── Dataset excerpt

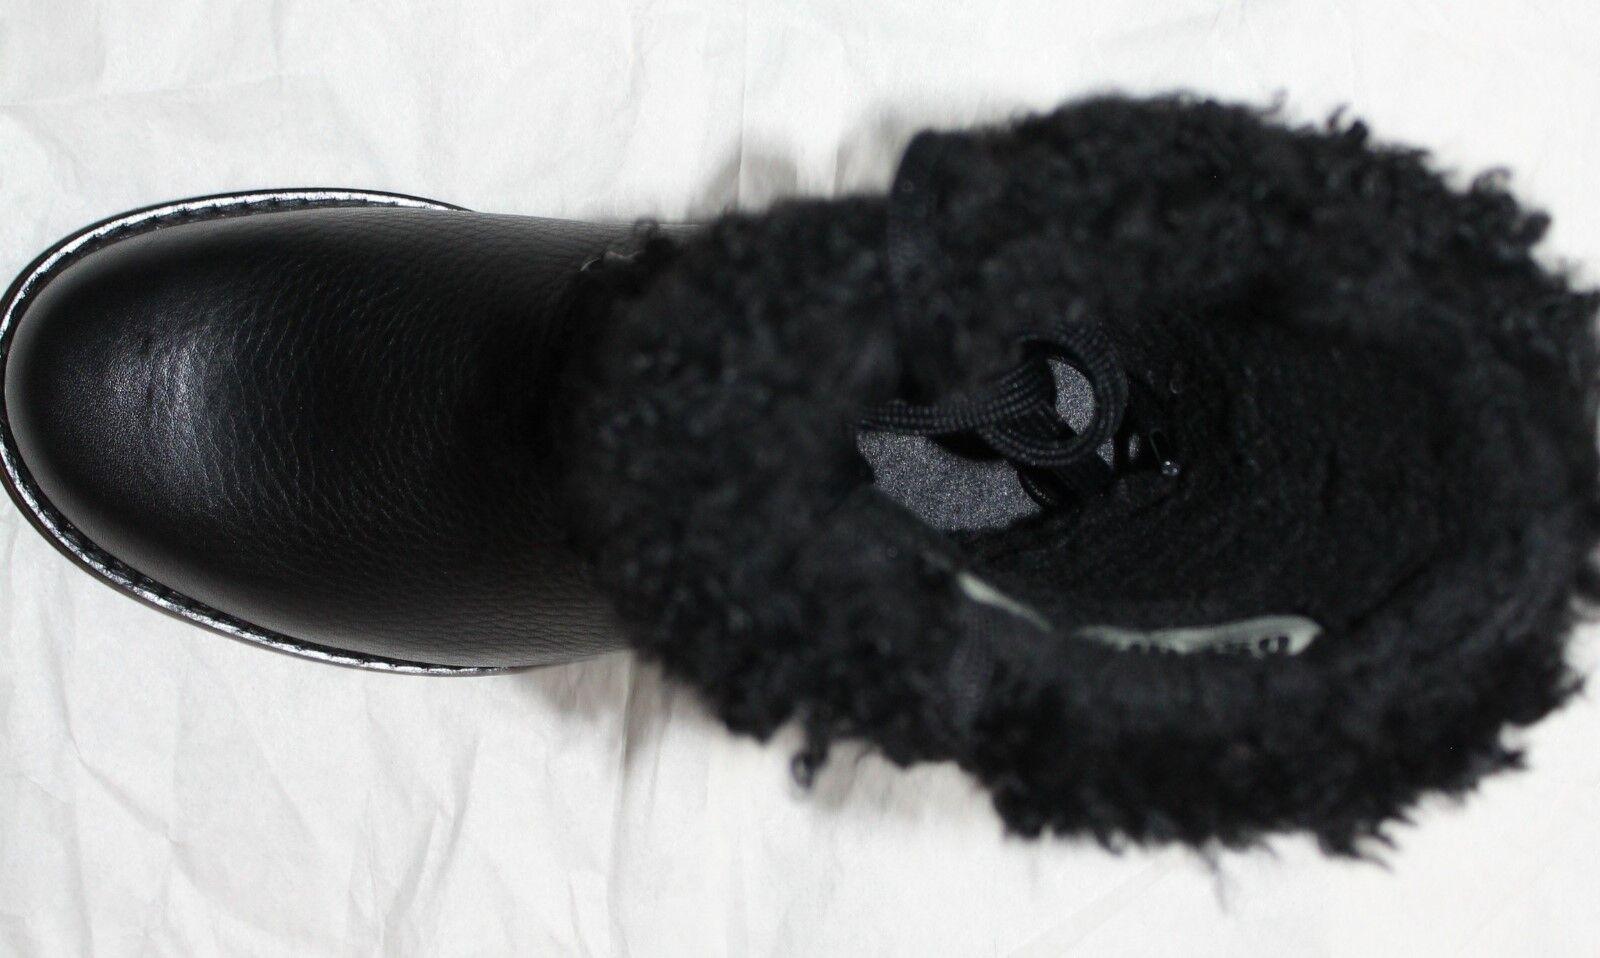 Cielo para mujer Oscar Sport Apres de Cabra Piel en botas Talla 7 hecho a mano en Piel Italia f0f475
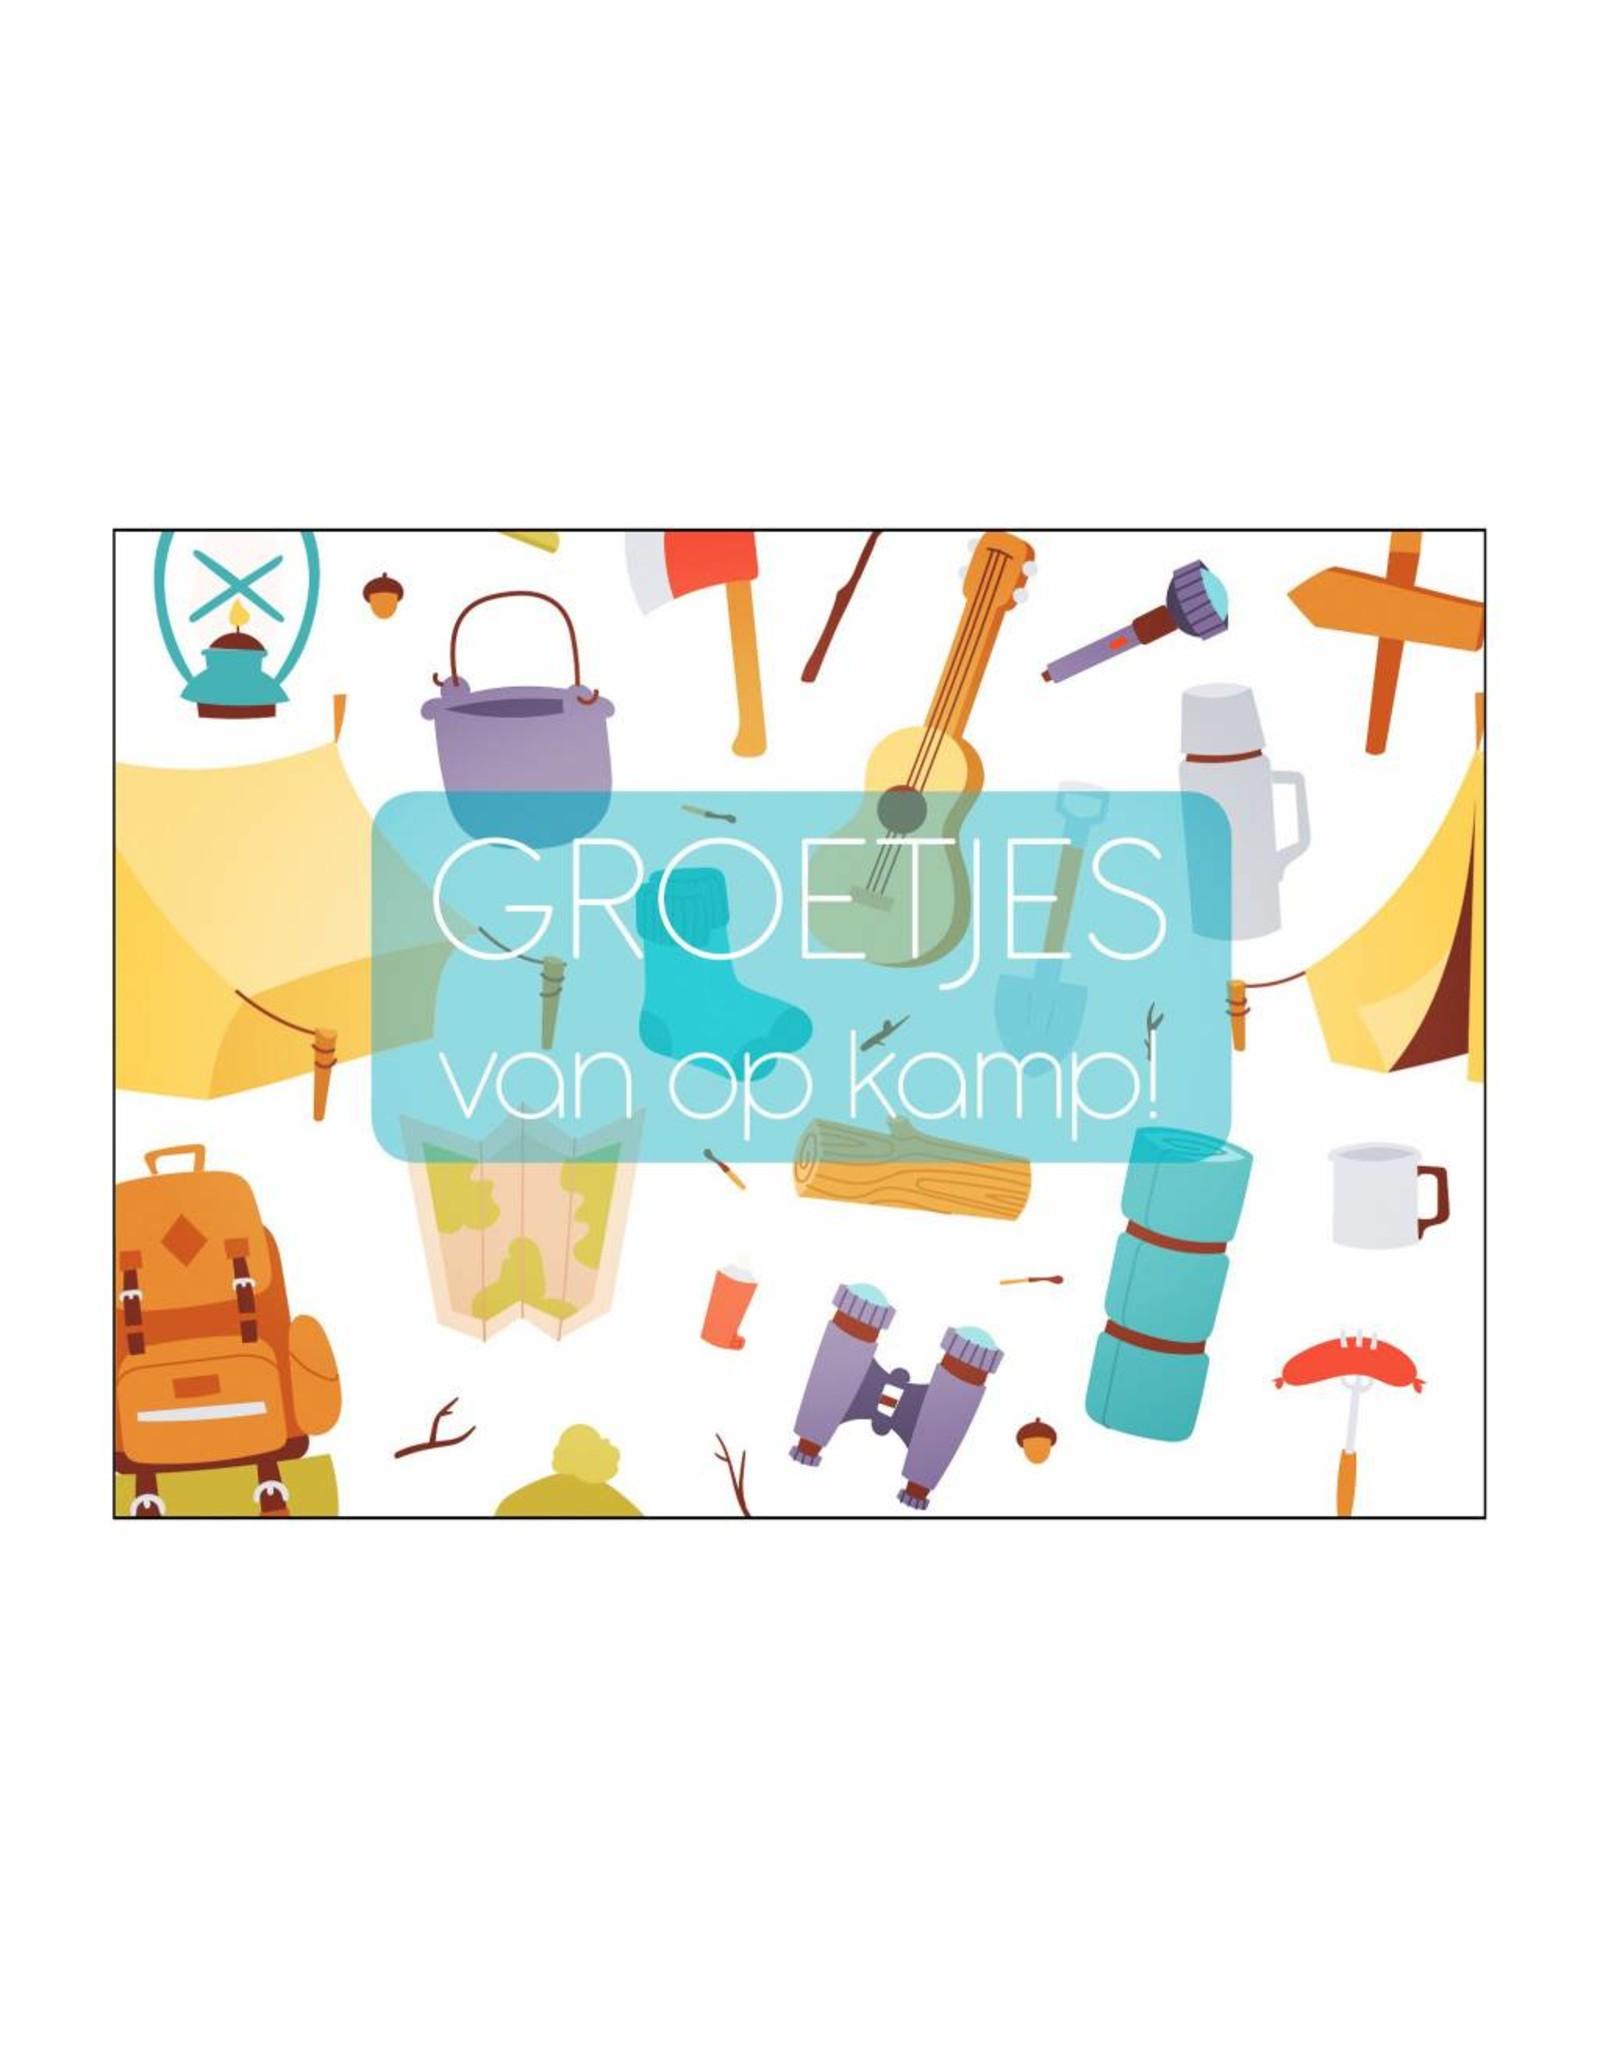 Postkaart invul Groetjes van op kamp tekening
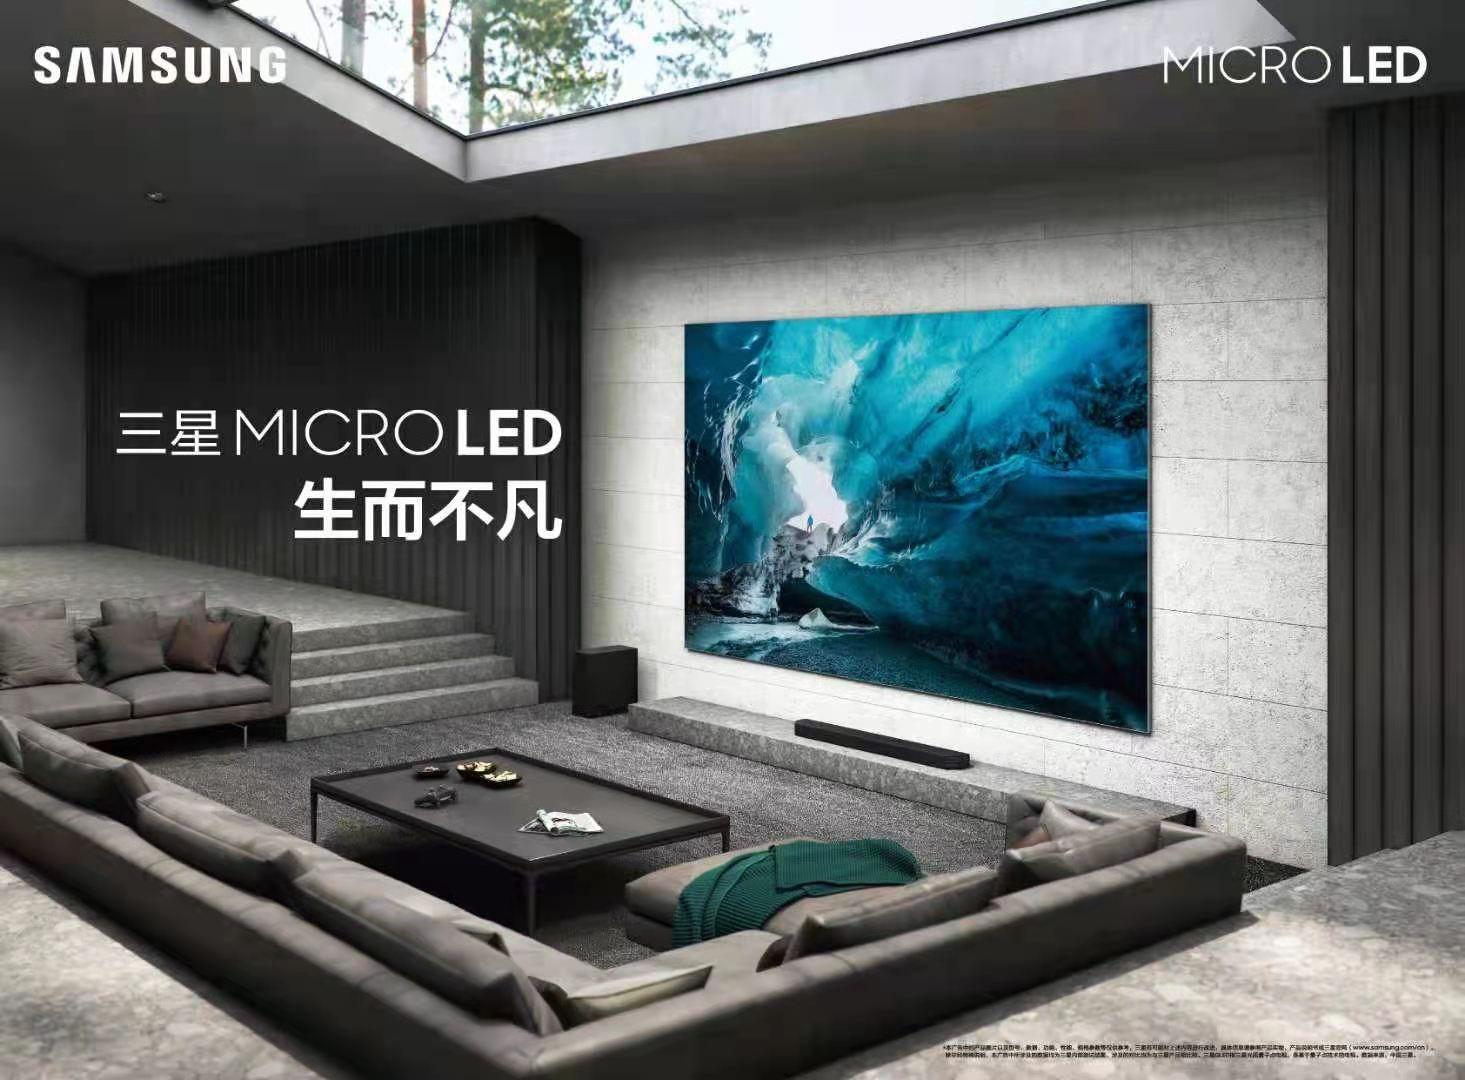 三星Micro_LED即将走入家庭_三星尖端产品带来非凡视听体验

────

Print the listing verbatim, images excluded.

▶ [Answer section]
 Cielo para mujer Oscar Sport Apres de Cabra Piel en botas Talla 7 hecho a mano en Piel Italia f0f475
 Postkaart invul Groetjes van op kamp tekening
 三星Micro_LED即将走入家庭_三星尖端产品带来非凡视听体验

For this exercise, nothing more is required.